EDIT: This is really a case where a picture is worth a thousand words. I'd recommend drawing one.

Got it. Also the electric field opposite to charge particle (creating the applied electric field) will cancel.

Thanks,


JL

 

[jeff1evesque]

Sorry to do this, but could you explain how the fields cancel on the opposite side of the particle that created the applied electric field? To me it seems the fields created by the positive and negative charges from the plate cancel outside the plate. But the electric field from the source (charge that induced applied electric field) is still present. So at the opposite end of the applied charge exists the applied electric field, is that correct?

 

[kuruman]

Sorry to do this, but could you explain how the fields cancel on the opposite side of the particle that created the applied electric field? To me it seems the fields created by the positive and negative charges from the plate cancel outside the plate. But the electric field from the source (charge that induced applied electric field) is still present. So at the opposite end of the applied charge exists the applied electric field, is that correct?

Correct. The electric field lines stop at the side of the conductor that has the negative induced charges and restart at the other side that has the positive charges. Inside the conductor there is no electric field. Cepheid is right. A picture is worth a lot in this case. I'll see if I can find one.

 

[kuruman]

OK, here is a picture as an attachment. The blue area is a piece of the conducting slab. Note that electric field lines start at + charges and stop at - charges.
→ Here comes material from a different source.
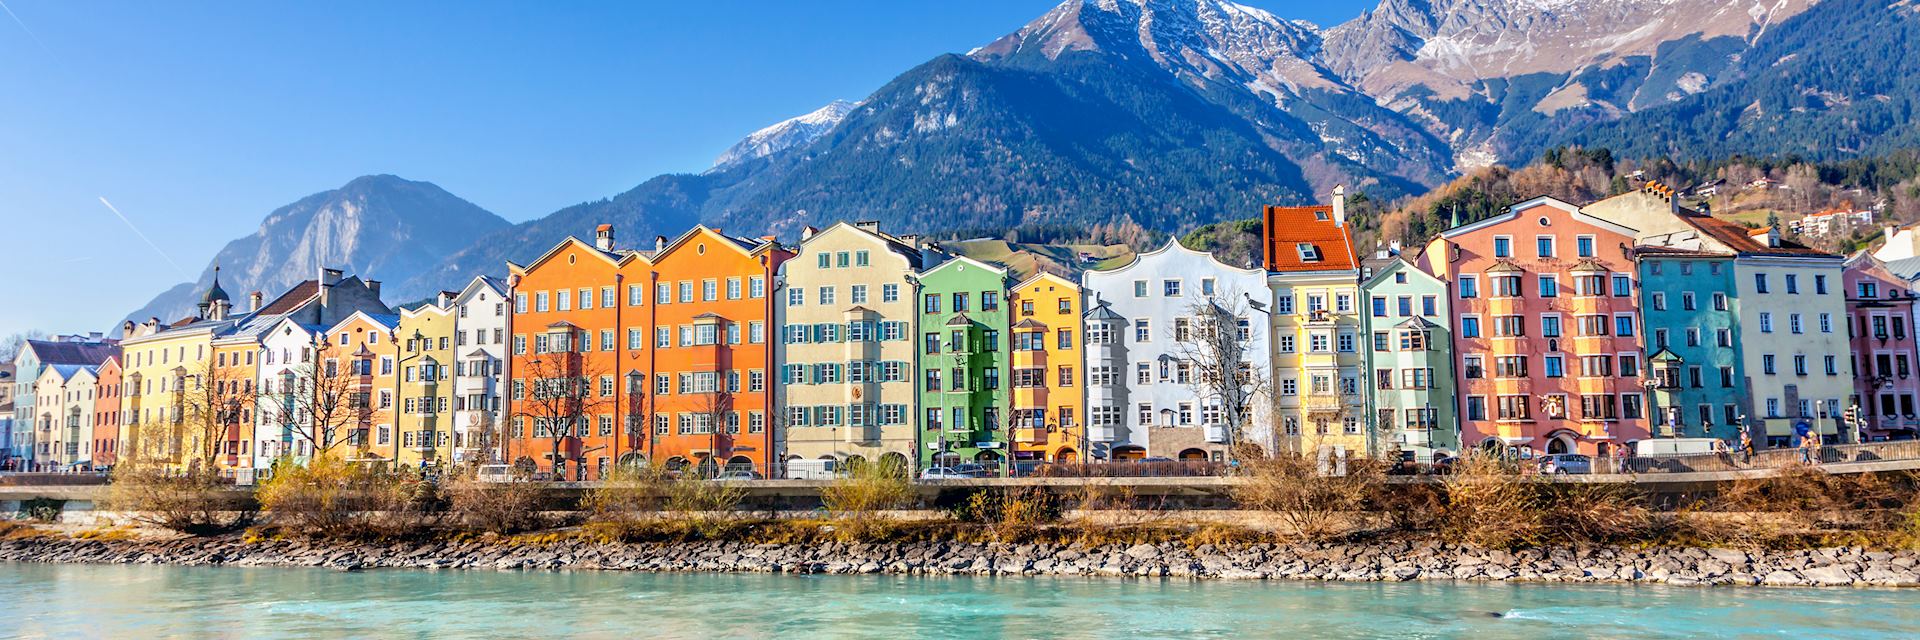 Innsbruck cityscape

The black field lines that are generated by charges outside the conductor are canceled by the red lines so that the net field inside the conductor is zero as it should.

 

[cepheid]

The wikipedia page for "Faraday Cage" has a great animation.

 

[jeff1evesque]

OK, here is a picture as an attachment. The blue area is a piece of the conducting slab. Note that electric field lines start at + charges and stop at - charges. The black field lines that are generated by charges outside the conductor are canceled by the red lines so that the net field inside the conductor is zero as it should.

Cool, that's exactly how I pictured it. However, if the "black field lines" continue on the other side of the conducting slab, then is it still a shield? It seems if outside electric field exists on the opposite side of a conductor, it does not have the qualities of a shield. But most circuit boards have a solid conductor "to provide shielding"- which is similar to what I am trying to understand. By what we've found, the applied electric field will surely influence the circuitry behind the shield.

 

[cepheid]

Cool, that's exactly how I pictured it. However, if the "black field lines" continue on the other side of the conducting slab, then is it still a shield? It seems if outside electric field exists on the opposite side of a conductor, it does not have the qualities of a shield. But most circuit boards have a solid conductor "to provide shielding"- which is similar to what I am trying to understand. By what we've found, the applied electric field will surely influence the circuitry behind the shield.

I guess for a single flat slab, that would be true. But look at the Wikipedia animation for Faraday Cage that I mentioned. If the electronics are fully enclosed (the shielding goes all the way around like a cage), then the separation of charge occurs between the "near side" and "far side" of the enclosure, leaving the hollow space within it devoid of any electric field.